Recently, as my kid is learning to read and write Danish, while I've started to use English more and more, due to work. My observation is that English isn't that great a language, it's just very popular. The more English I speak, read and write, the more I appreciate my own native language.

It's really sad to see English language and words replace native ones, especially if your own language in many cases have better precision and quite frankly reads better. Recently I listened to a "Danish" podcast, about Charlie Kirk. I put Danish in " " because one of the hosts, a native Dane, struggles severely with expressing her thoughts and observation without the use of English.

English is easy to criticize. It doesn't have all the letters it needs. It doesn't have compound noun. A significant part of the vocabulary is just borrow from Norse, German or French (and pronounced wrong). It is however VERY popular, billions speak it, and that's a quality all on it's own.

JuniperMesos 13 hours ago | parent | next [-]

There's also the asymmetry that a Danish podcaster felt it necessary to talk about the English-speaking American Charlie Kirk, whereas I struggle to think of a time I've listened to an English-language podcast about a Danish poltical figure.

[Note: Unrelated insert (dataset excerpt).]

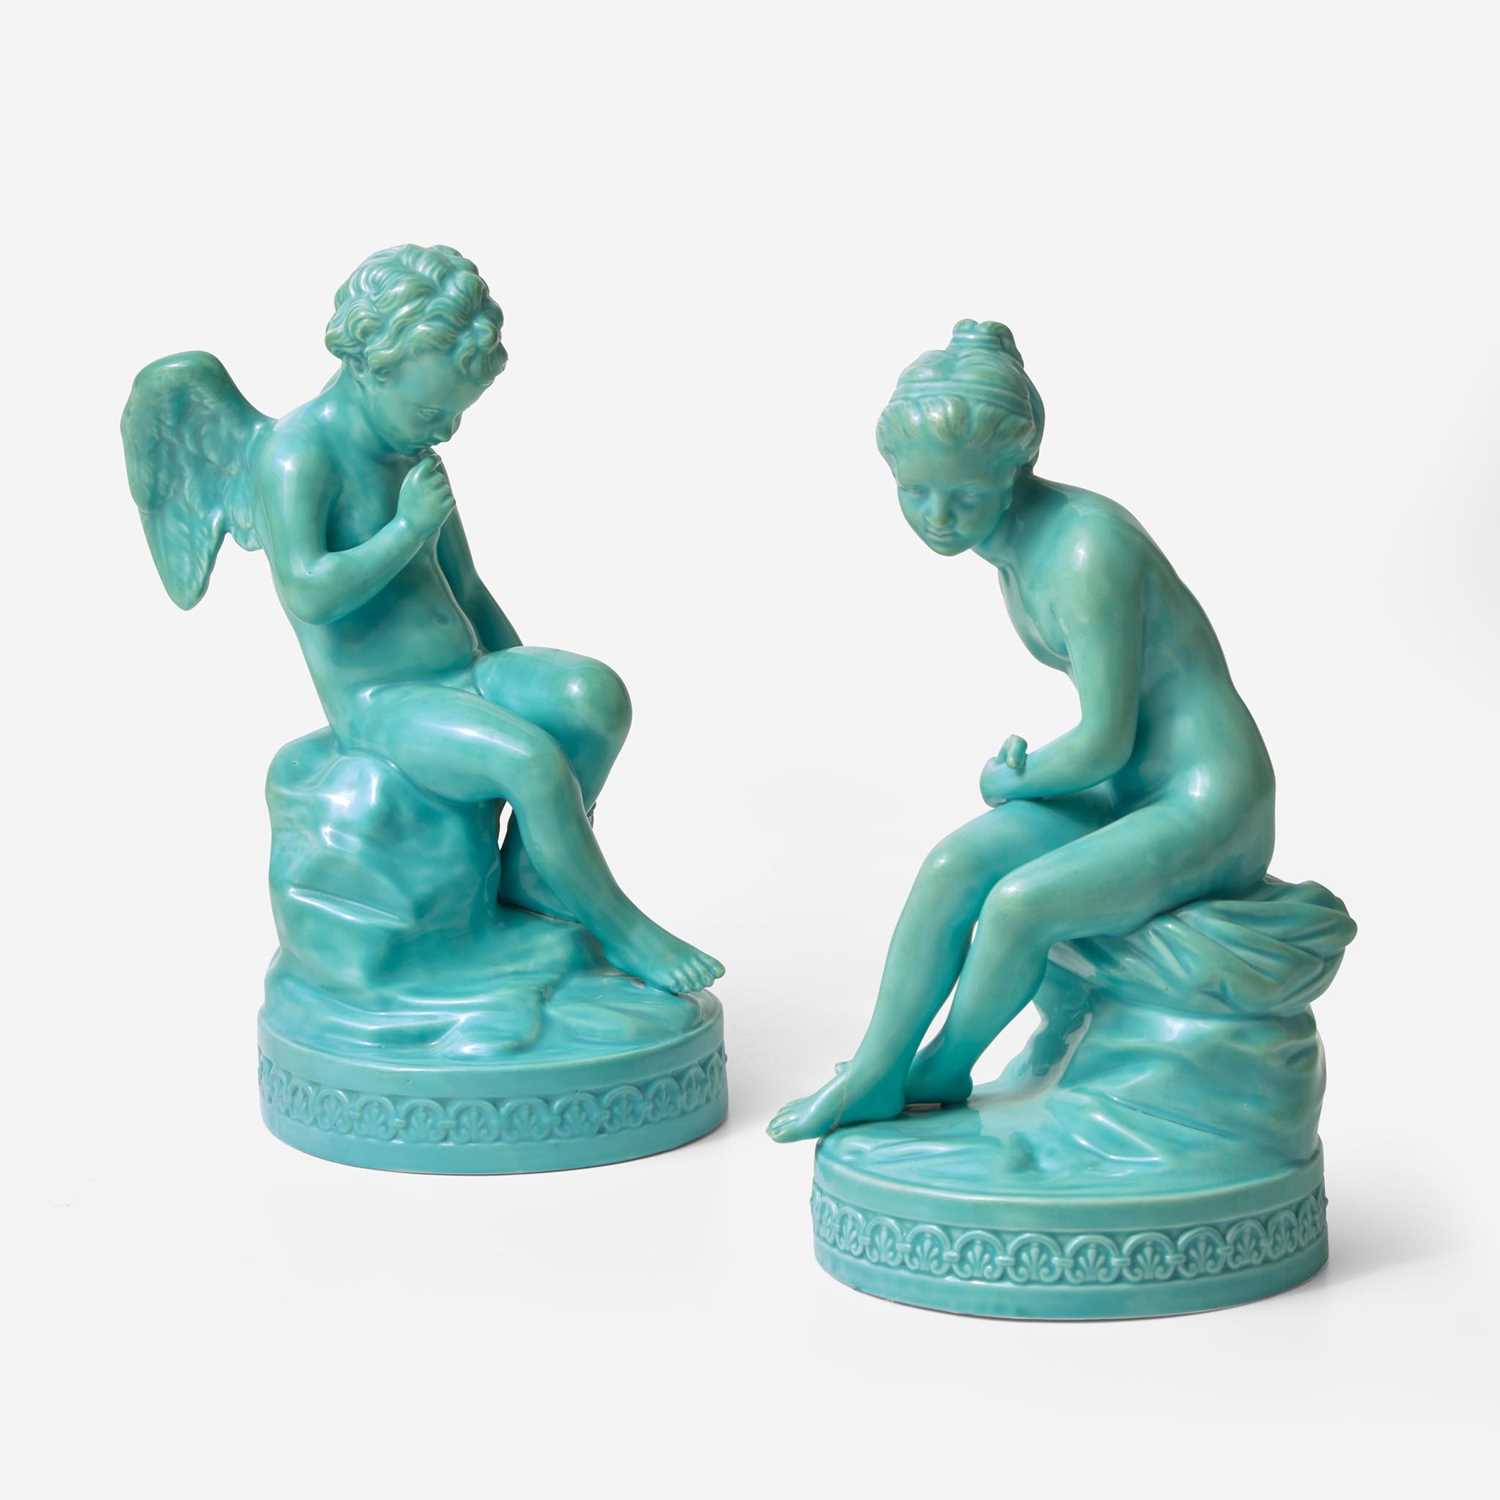 Lot 114 - Wedgwood Turquoise-Glazed Figures of Cupid and Psyche

The popularity of English has little or nothing to do with any facts about how its grammatical system works, and a lot to do with the geopolitical situation of the past few centuries where the UK and then the US were globally important powers.

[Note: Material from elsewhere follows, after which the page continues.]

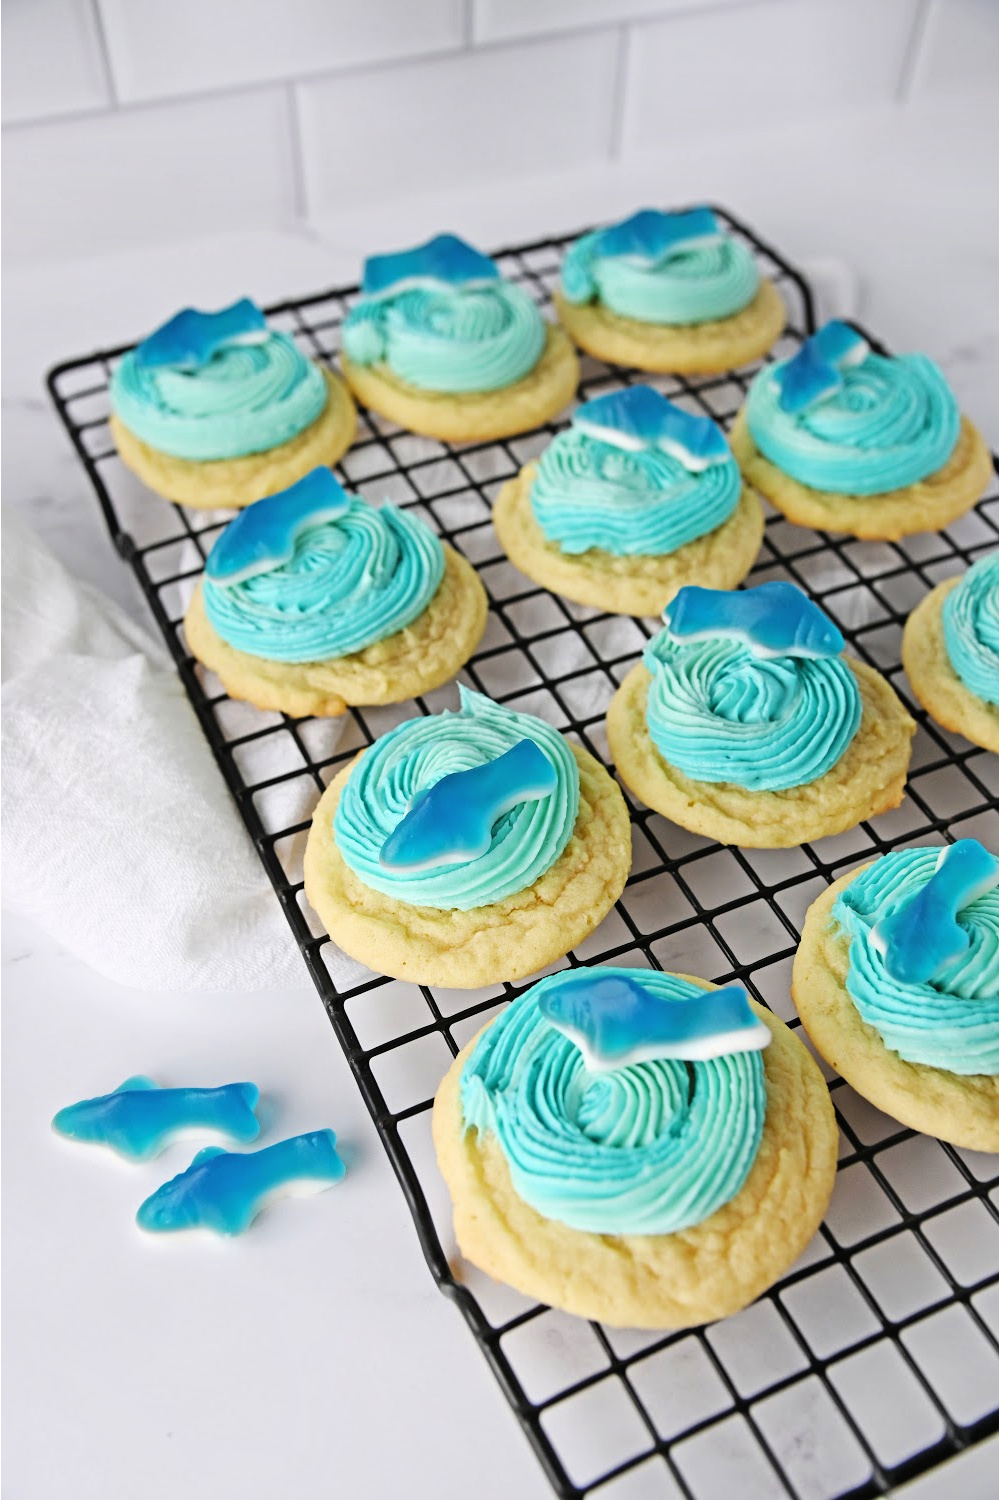 Shark cookies on a baking cooling rack with blue icing and a gummy shark.

HeinzStuckeIt 14 hours ago | parent | prev | next [-]

I wonder if the Nordic languages would be in a healthier state in this respect, in terms of usage and not resorting to English in mixed groups, if their television broadcasting had been shared among each other more, instead of each country looking so much to the USA for programming. The Nordic countries used to be a single linguistic space for educated people and you can still witness this practice among the elderly. Why exactly couldn't young people growing up in, for example, Sweden and Denmark watch and learn from Norway's Uti vår hage just like Americans could watch Monty Python or Fawlty Towers?

mrweasel 14 hours ago | parent [-]

Norwegian and Swedish seems to be healthier than Danish. I don't have the feeling that Danes generally gives a shit about the health of the language and a decent percentage would probably favour just switching to English entirely.

marcellus23 14 hours ago | parent | prev [-]

You don't think you prefer Danish because Danish is your native language and English is not?

mrweasel 14 hours ago | parent [-]

Possibly, but I wonder why so many Danes prefer English words, when we have Danish words that are often more descriptive. My preference have also change over the years, from more heavily favouring English previously, to now opting for Danish whenever possible (e.g. when reading books).